Литмир - Электронная Библиотека
A
A

Она спрыгнула с подножки и побежала к нему, блестя улыбкой, что-то уже объясняя на ходу. Он стоял истуканом и плохо ее различал в опустившемся на разум мареве. Лина подбежала и попыталась с размаху повиснуть у него на шее. Он с такой силой ее отпихнул, что она, пролетев метра два, ударилась спиной о штакетник, вскрикнула от боли и перевалилась через низенькую изгородку. Копошилась по ту сторону, пытаясь встать, бесформенной грудой. Он с жадным торжеством наблюдал за ее бесплодными усилиями. Звериный гнев в нем не остывал. Кое-как она поднялась и снова подошла к нему. В лице ни кровинки, губы прыгают, и лицо сжато в улыбку-судорогу. «Где ты была, тварь? С кем?!» Она залепетала, тянулась к нему беспомощно, к палачу своему, как к спасителю: «Миленький, у нас был зачет, и меня вызвали последней. О, я понимаю, как ты мучился! Я хотела уйти, не сдавать, но он сказал, что принимает последний раз. Я не могла!..» — «Кто он? — взревел Кременцов. — Хахаль твой? Как его зовут?» — «Да нет, миленький, не хахаль, нет! Преподаватель наш. Он старичок. Седенький такой, совсем убогенький. Ну прости же меня, родной мой!»

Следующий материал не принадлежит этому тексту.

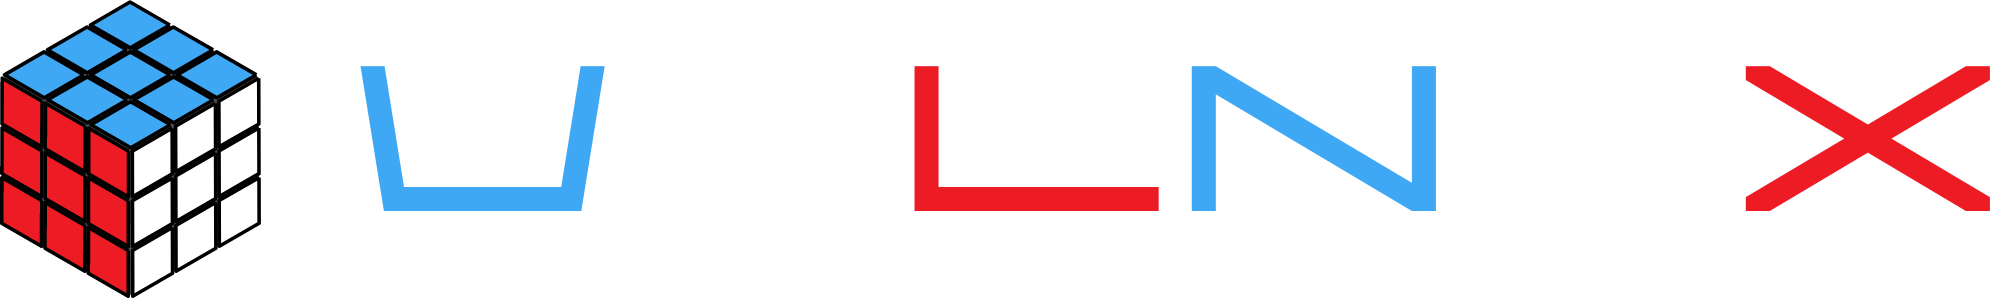 VulNyx website logo

Это истинная любовь была, он давно это понял. Его любовь — волчья, и ее — человеческая, радужная, вся в кружевах. Та любовь, которую он убивал и душил много лет собственными руками. И одолел наконец, вогнал ее колом в землю. И Линочка ушла туда же. Ушла, любя его, прощая ему то, что и не надо и нельзя прощать.

В своем теперешнем воспоминании, поддающемся реконструкции, он все иначе видел, не так беспощадно и непоправимо. Хотя он и толкнул Лину, осатанев (случившееся не поддавалось фактической правке, но окраску приобрело иную), но потом раскаялся, целовал ее ссадненные ручки, падал на колени, говорил светлые, беспамятные слова и вымолил прощение. Она искренне его простила, забыла обиду. Не начала с того дня нанизывать на свое слабое сердечко бусинки сожалений и разочарований, копить боль за болью, а навек простила. Как прощают неразумных детей.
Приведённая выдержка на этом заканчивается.